HOW TO COMPLETE THIS TASK: Exercise in exact copying: restate word for word only the lines below from the one containing "ユニークな観点自然公園[ Oxygen Ceuticals" through the one containing "Southwest Layered Salad", omitting any pictures.

GIVEN INFORMATION:
○ ○ ○

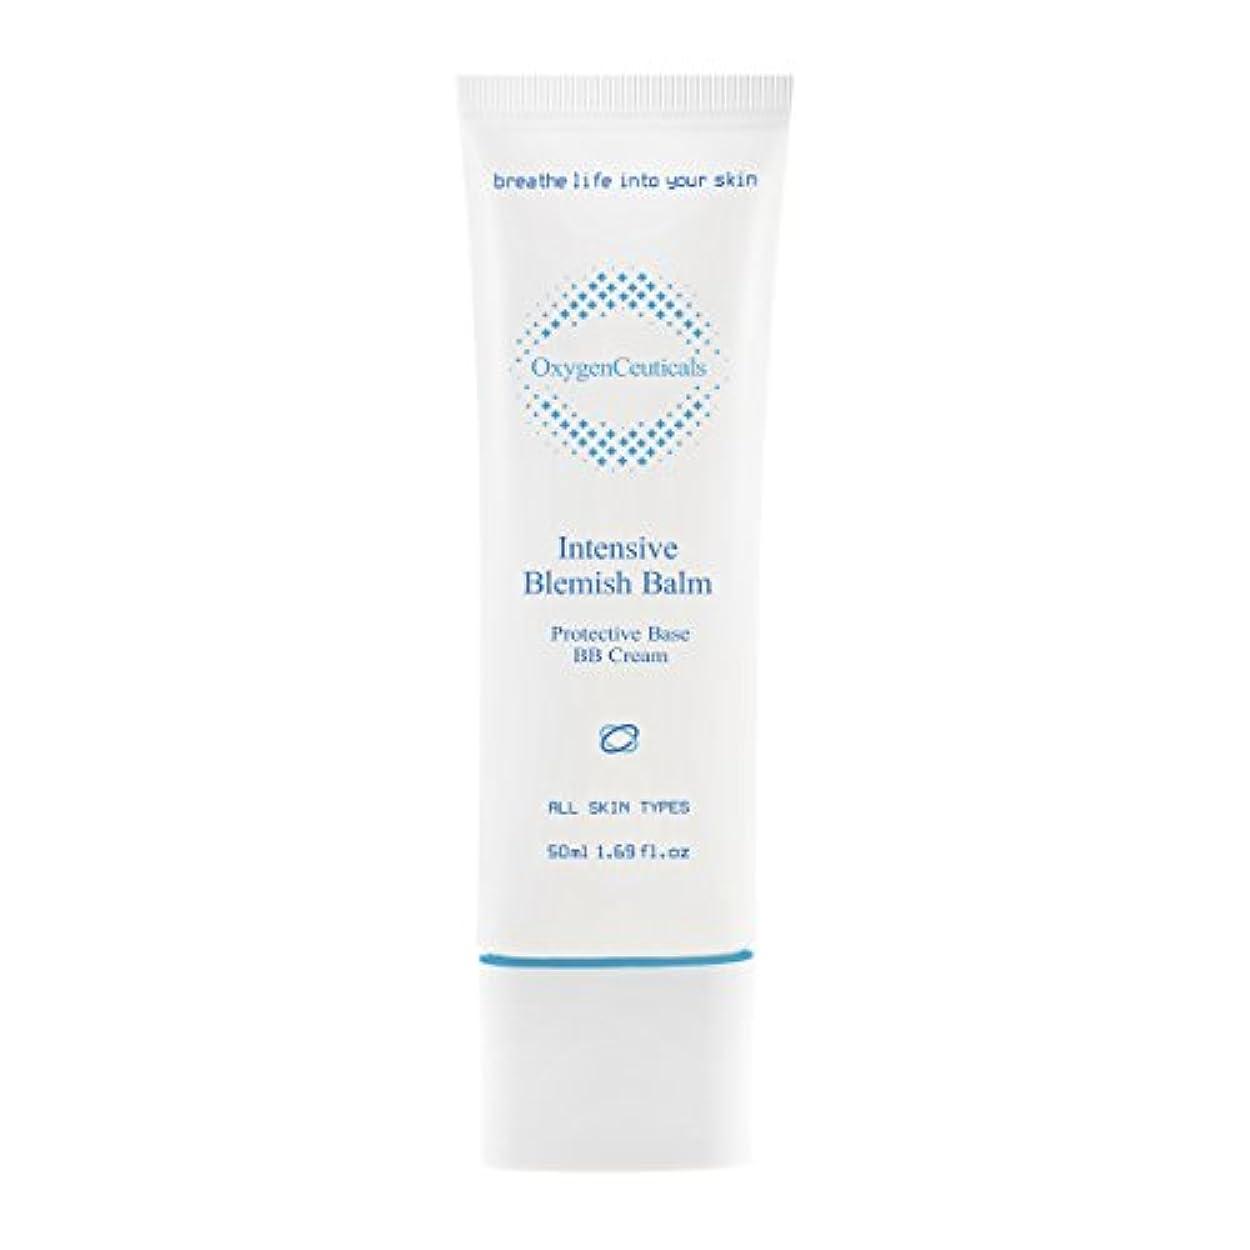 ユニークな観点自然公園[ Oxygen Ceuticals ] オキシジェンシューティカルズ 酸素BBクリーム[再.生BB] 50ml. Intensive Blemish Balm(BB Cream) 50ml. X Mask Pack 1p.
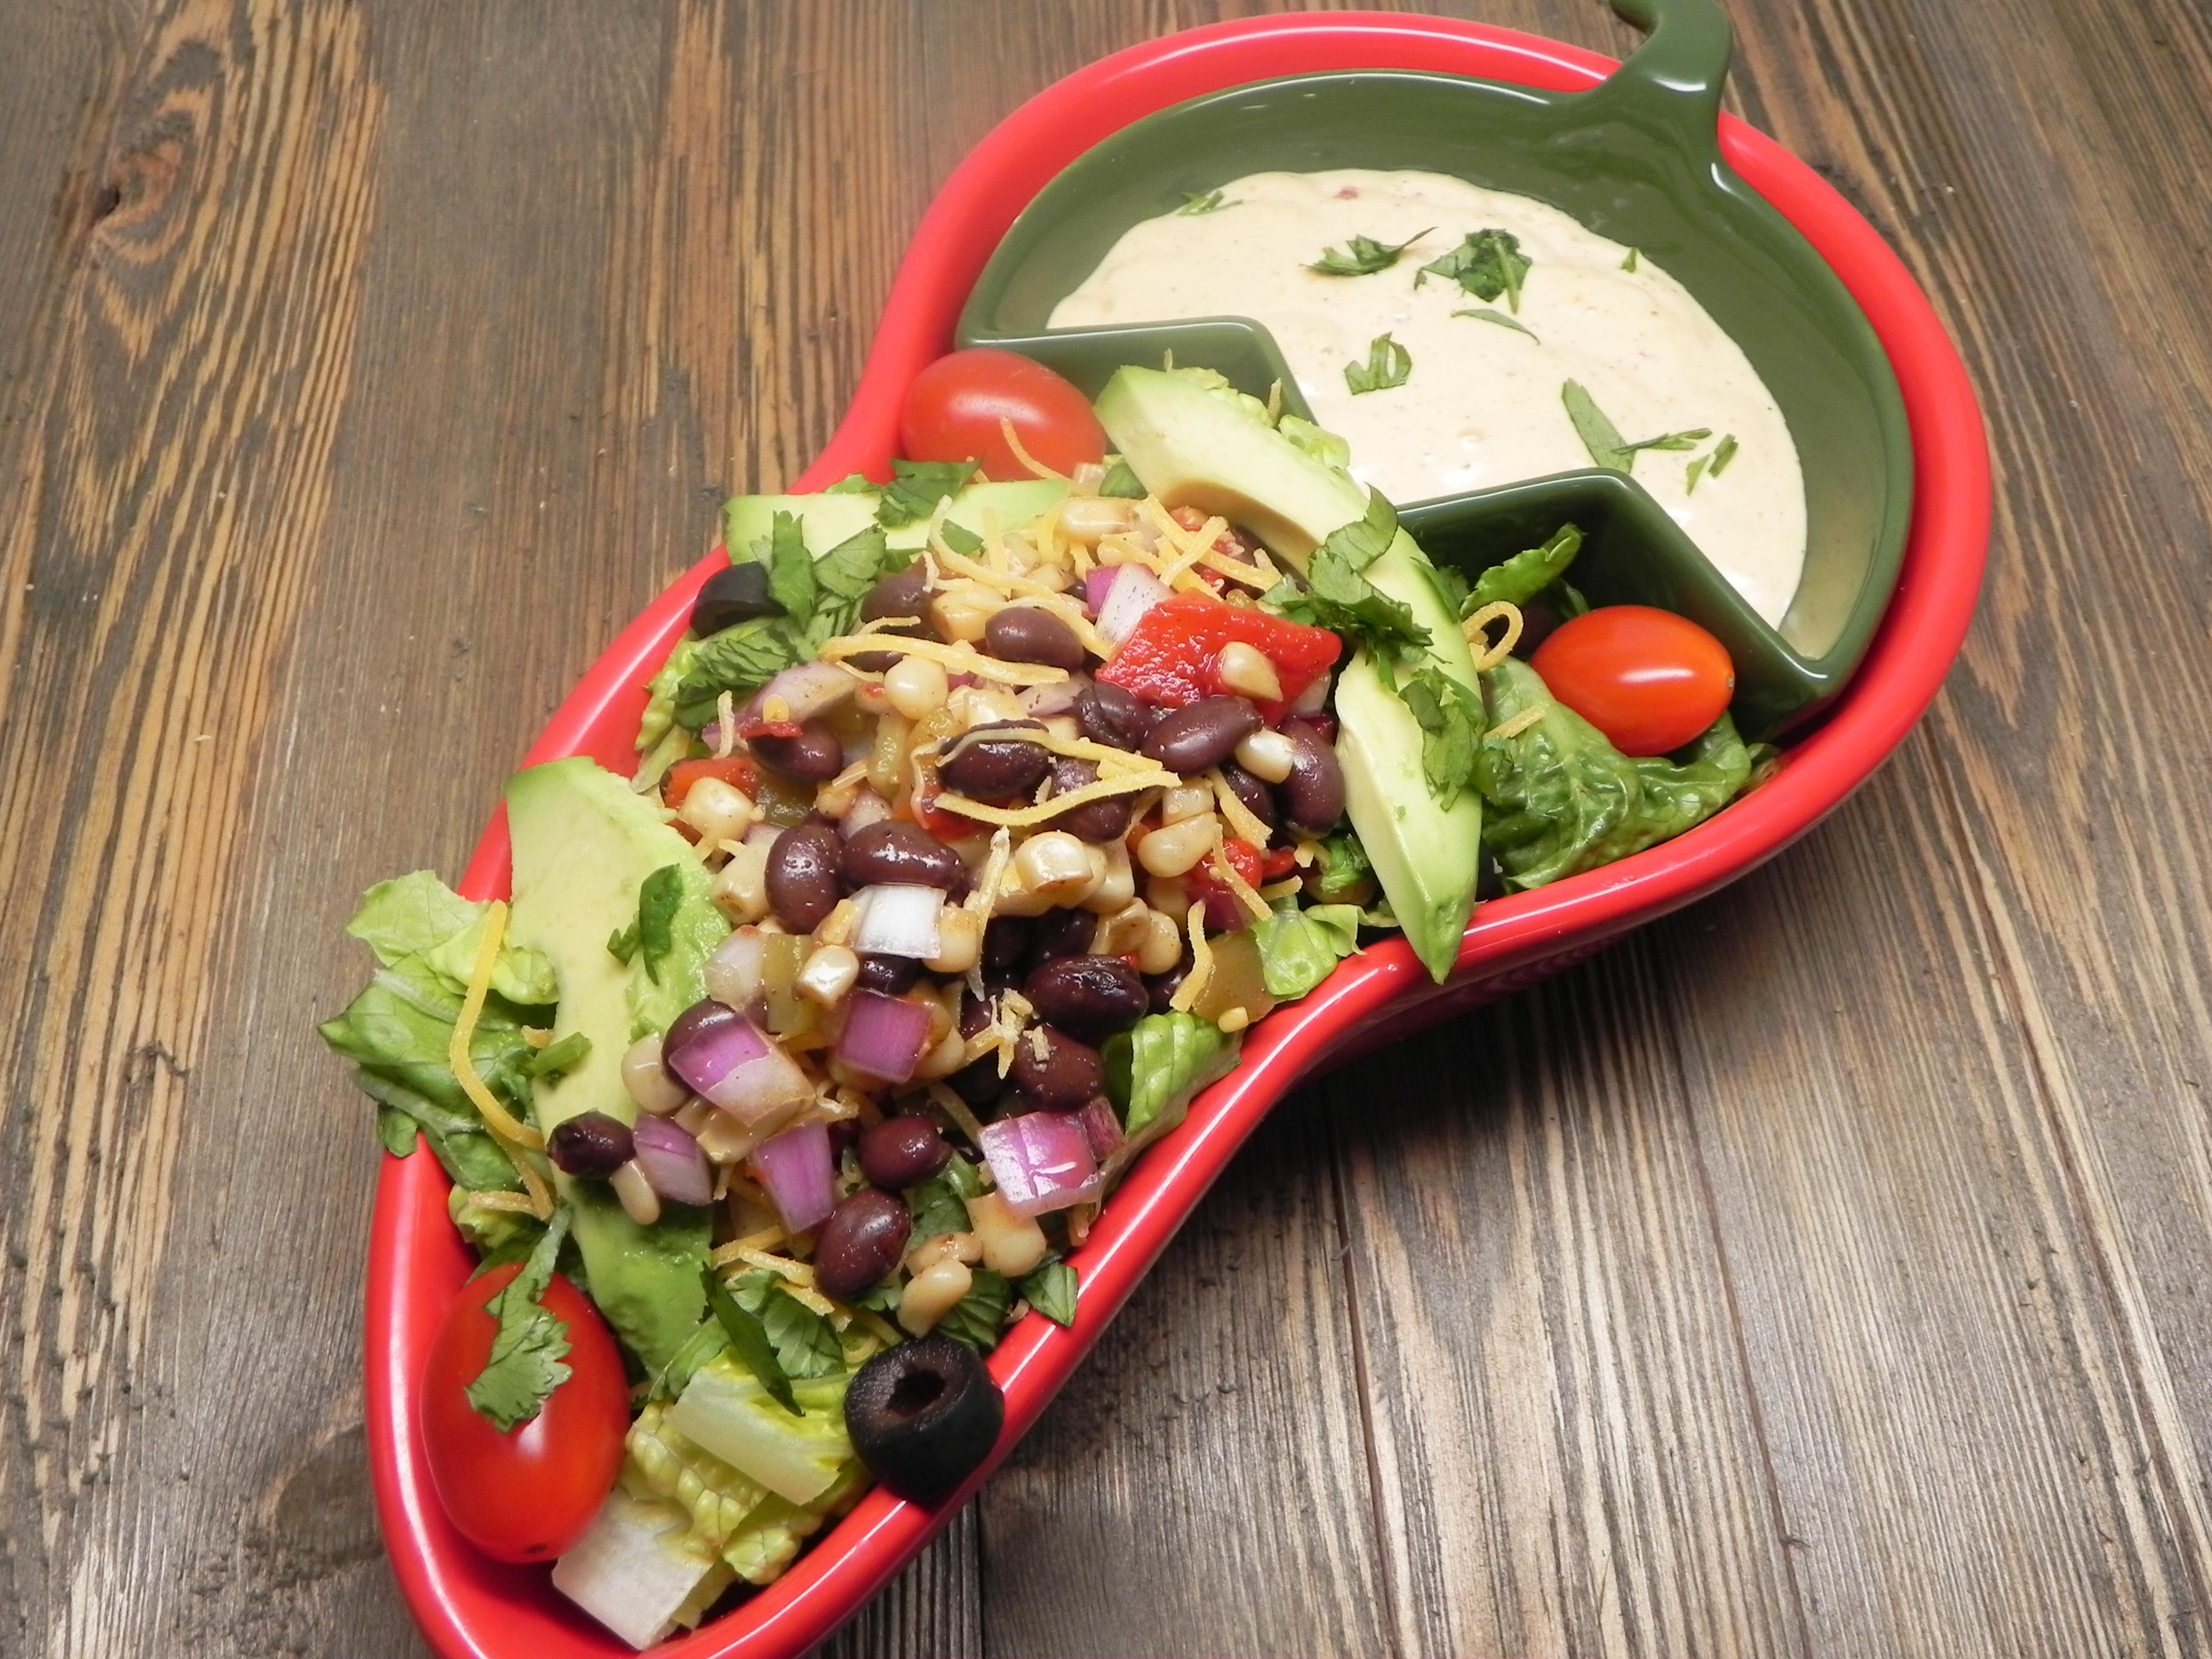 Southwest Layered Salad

○ ○ ○

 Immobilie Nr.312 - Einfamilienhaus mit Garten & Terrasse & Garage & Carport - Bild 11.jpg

○ ○ ○

SOLUTION TO THE EXERCISE:
 ユニークな観点自然公園[ Oxygen Ceuticals ] オキシジェンシューティカルズ 酸素BBクリーム[再.生BB] 50ml. Intensive Blemish Balm(BB Cream) 50ml. X Mask Pack 1p.
 Southwest Layered Salad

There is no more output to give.